I am running a Zeebe cluster with the following configuration:
3 brokers, each allocated 3GB of memory
6 partitions with a replication factor of 3
During a recent load test, I observed the following behavior regarding memory utilization:
Pre-test: Broker process memory usage was approximately 1.25GB per broker.
During the test: Memory usage gradually increased to around 2.84GB. Each workflow instance during the test took around 8 minutes to complete.
Post-test: After the test concluded, I left the system in an idle state (with no active workload) for 24 hours. However, I observed that the process memory did not decrease or reclaim itself.

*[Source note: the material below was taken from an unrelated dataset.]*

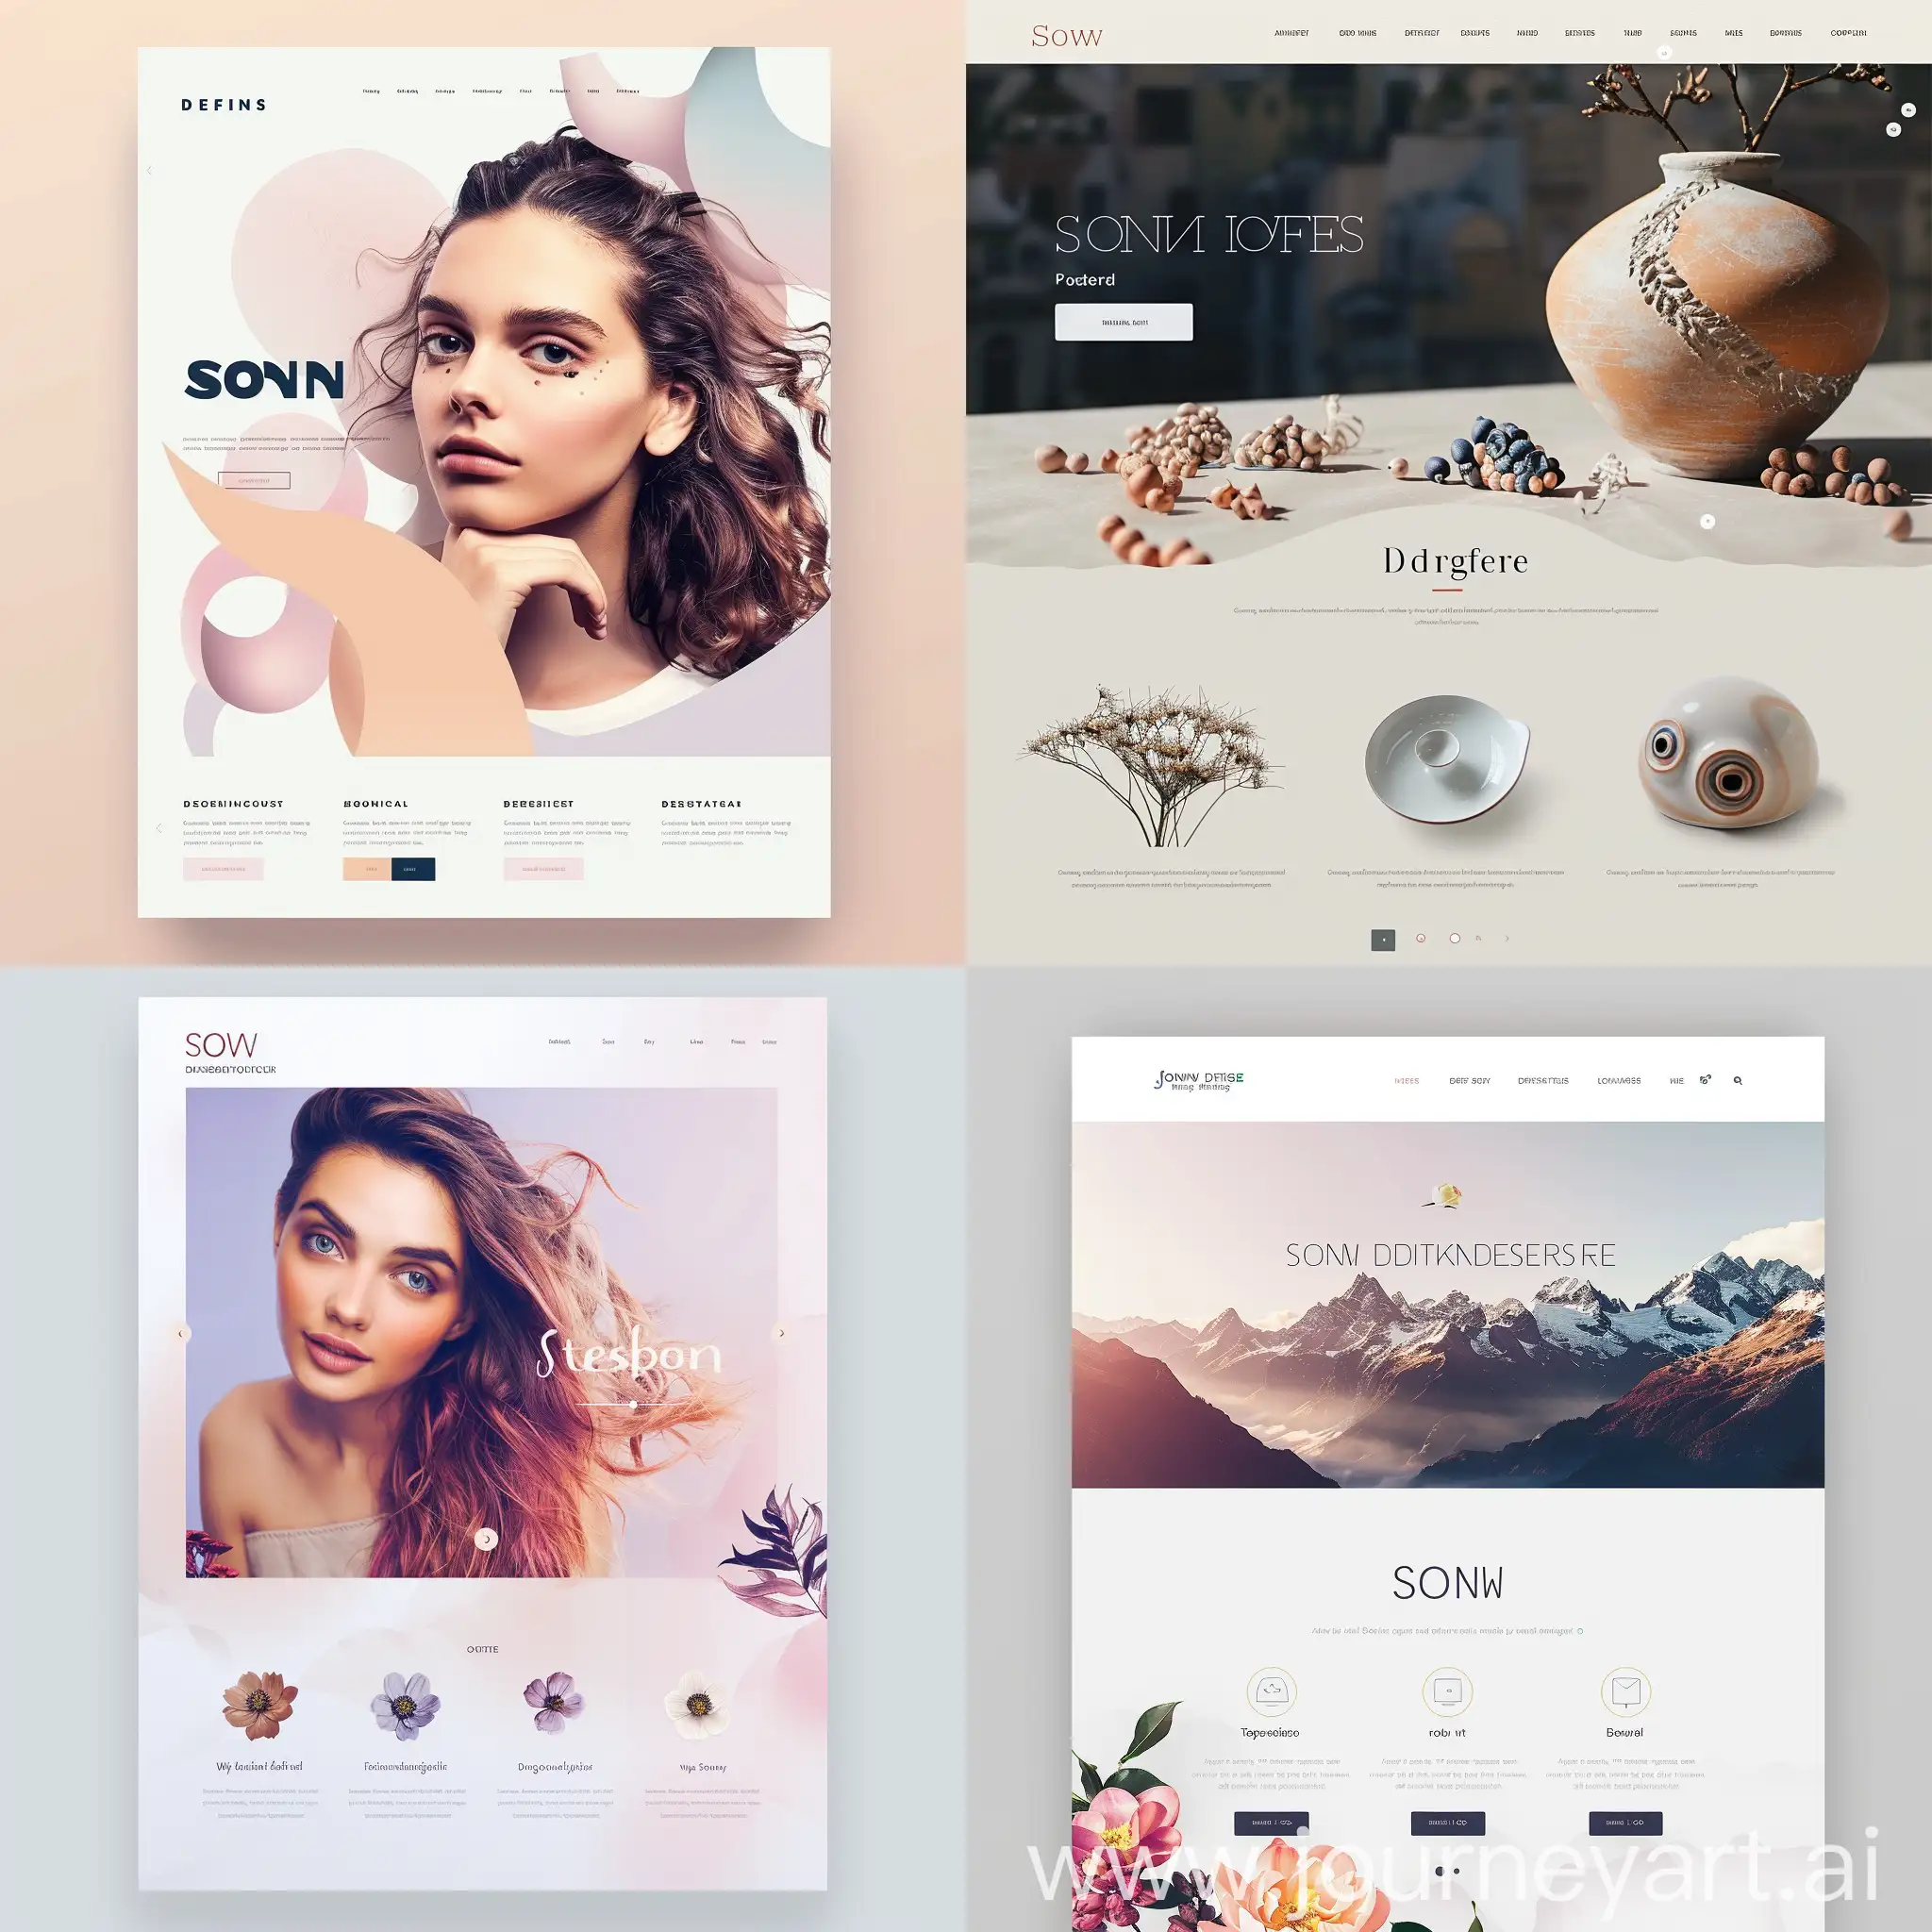 create for me a UI Soon page for a graphic designer portfolio website, make it modern and simple

Restart: After several hours of idle operation, one broker unexpectedly restarted. Post-restart, the memory usage stabilized at around 1.4GB.
Unfortunately, due to the restart of the Zeebe pod, I am unable to retrieve the logs from the previous pod instance to determine the exact cause of the restart.
My questions are:
Why didn’t the broker’s process memory decrease after the load test, even when the system was idle?
What could have triggered the broker restart after being idle for several hours?
Given that I lost access to the previous pod logs due to the restart, is there a recommended approach to capture and persist logs for future troubleshooting?
I have updated the Zeebe broker configuration as suggested, setting ZEEBE_BROKER_DATA_ROCKSDB_COLUMNFAMILYOPTIONS_WRITE_BUFFER_SIZE to 8MB and ZEEBE_BROKER_DATA_ROCKSDB_COLUMNFAMILYOPTIONS_MAX_WRITE_BUFFER_SIZE_TO_MAINTAIN to 8MB.
I ran the same load test, which completed on the 13th of October. After the run, I left the system idle with no load. However, after two days, Zeebe broker1 restarted again. I have attached the process memory usage from Grafana for further analysis.